If I were to say: 'experiences',
this would be a well-put question:

'Now then who, bhante, experiences?'

But I did not say this,
and not having said this,
it is thus that you should put this question:

'Now then what, bhante, results in sense experience?'

That would be the well-put question.

This would be the well-put response:

Contact results in sense experience,
sense experience results in hunger-and-thirst.

"Now then who, bhante, hungers?"

"Not a well put question," said the Lucky Man.

"I do not say: 'hungers'.

If I were to say: 'hungers',
this would be a well-put question:

'Now then who, bhante, hungers?'

But I did not say this,
and not having said this,
it is thus that you should put this question:

'Now then what, bhante, results in hunger?'

That would be the well-put question.

This would be the well-put response:

Sense experience results in hunger,
hunger results in fueling.[5]

"Now then who, bhante, fuels?"

"Not a well put question," said the Lucky Man.

"I do not say: 'fuels'.

If I were to say: 'fuels',
this would be a well-put question:

'Now then who, bhante, fuels?'

But I did not say this,
and not having said this,
it is thus that you should put this question:

'Now then what, bhante, results in fueling?'

That would be the well-put question.

This would be the well-put response:

Hunger results in fueling,
fueling results in existence,
existence results in birth,
birth results in aging and death,
grief and lamentation
pain and misery
and despair.

Such is the arising of having this whole pile of pain.

Covered for you, Phagguna:
the utter-disappearance and ending of the spheres of contact[6] contact ends;
contact ending sense-experience ends,
sense-experience ending, hunger ends,
hunger ending, fueling ends,
fueling ending, existence ends,
existence ending, birth ends,
birth ending, aging and death,
grief and lamentation
pain and misery
and despair come to an end.

Such is the ending of having this whole pile of pain."

 


[1] Kabalinkāro āhāro Usually found translated as "material"; kabala: stuff-offerable, kāro: made.

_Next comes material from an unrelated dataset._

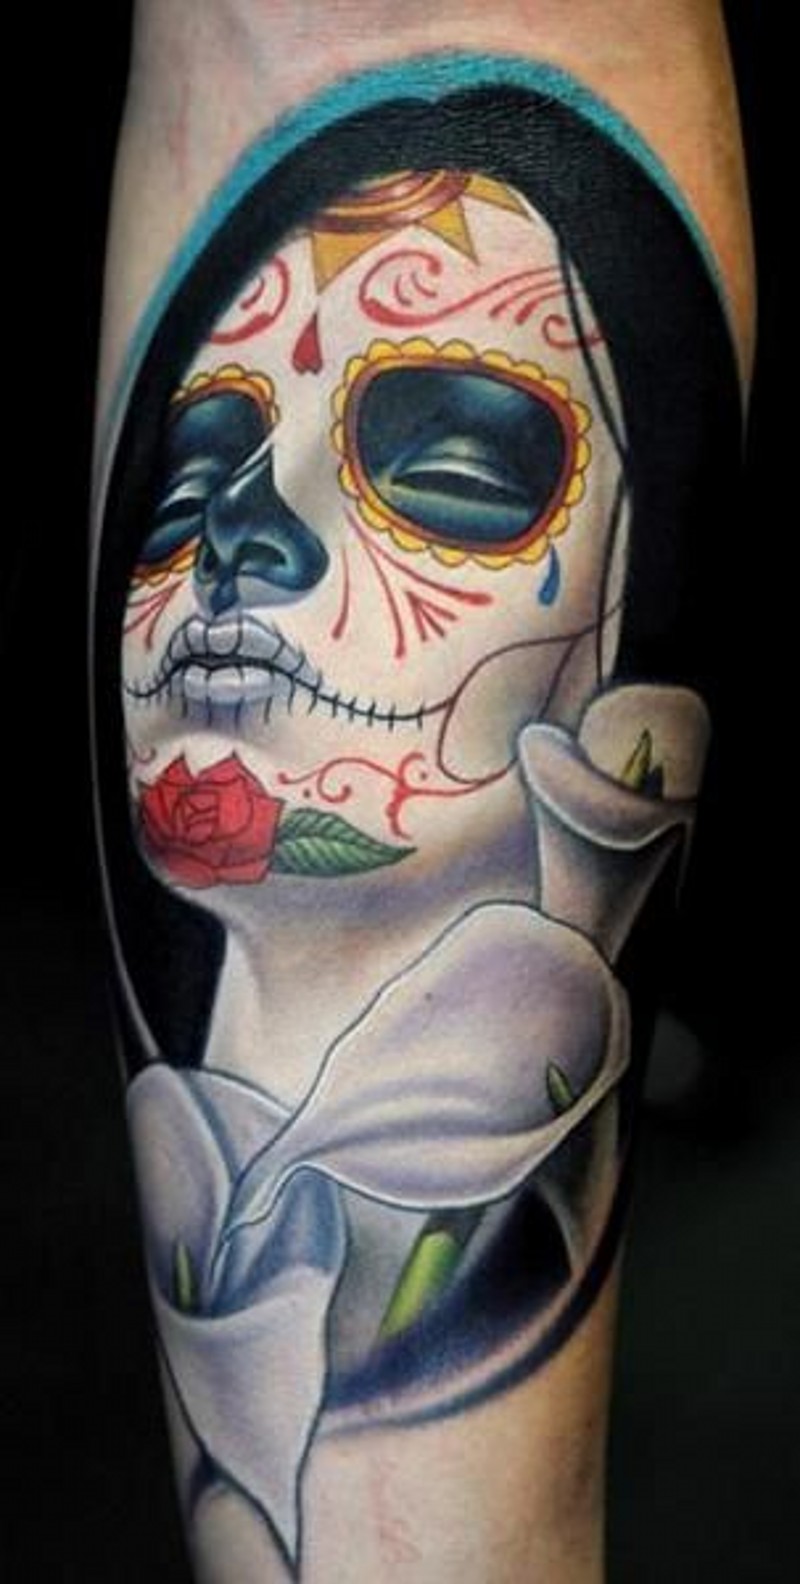 Tatuaje en el antebrazo, la santa muerte hermosa y lirios blancos

Made-edible generally because it has had the life taken out of it.

[2] oḷāriko vā sukhumo vā. Substantial or subtle because this must fit the edible food requirements of all sorts of living things, from humans who eat gross material foods, to plants which eat fine material foods, to the gods that are sustained on such things as aromas or thoughts.

[3] mano-sañcetanā. Mind one with heart. Thought in alignment with the will to do. Having the heart for what is in mind.

[4] Āyatiɱ > ayatana in meaning 2: exertion, doing, working, practice, performance. Neither Rhys Davids' 'cause' nor Bhk. Bodhi's 'condition'. Rhys Davids and Bhk. Bodhi focus on the switch from 'who' to 'what', but the Buddha's objection is not to the 'who' — the Buddha objects to the ideas 'feeds on', 'touches', 'intends' and 'cognizes' as implying the nourishment of a being that is feeding, where what is intended is that these foods further or bring about further existence. The first case implies, by pointing backward in Time, to a constant existing being.

[5] Upādiyatī. Fuels. Fueling the fire. This stands in for mano-sañcetanā. The fuel for existence (or freedom from existence) is the contimplation of and wishing for and intending to get such. The consciousness food is implied by the resulting state: either as consciousness of being an existing being or as consciousness of freedom from existence.

[6] phassāyatanānaɱ Spheres of contact. Not 'the six bases for contact' [Bhk. Bodhi] or 'the sixfold sphere of sense-contact' [Mrs. Rhys Davids] or 'the six sense media' [Bhk. Thanissaro], it is the equivalant of all these.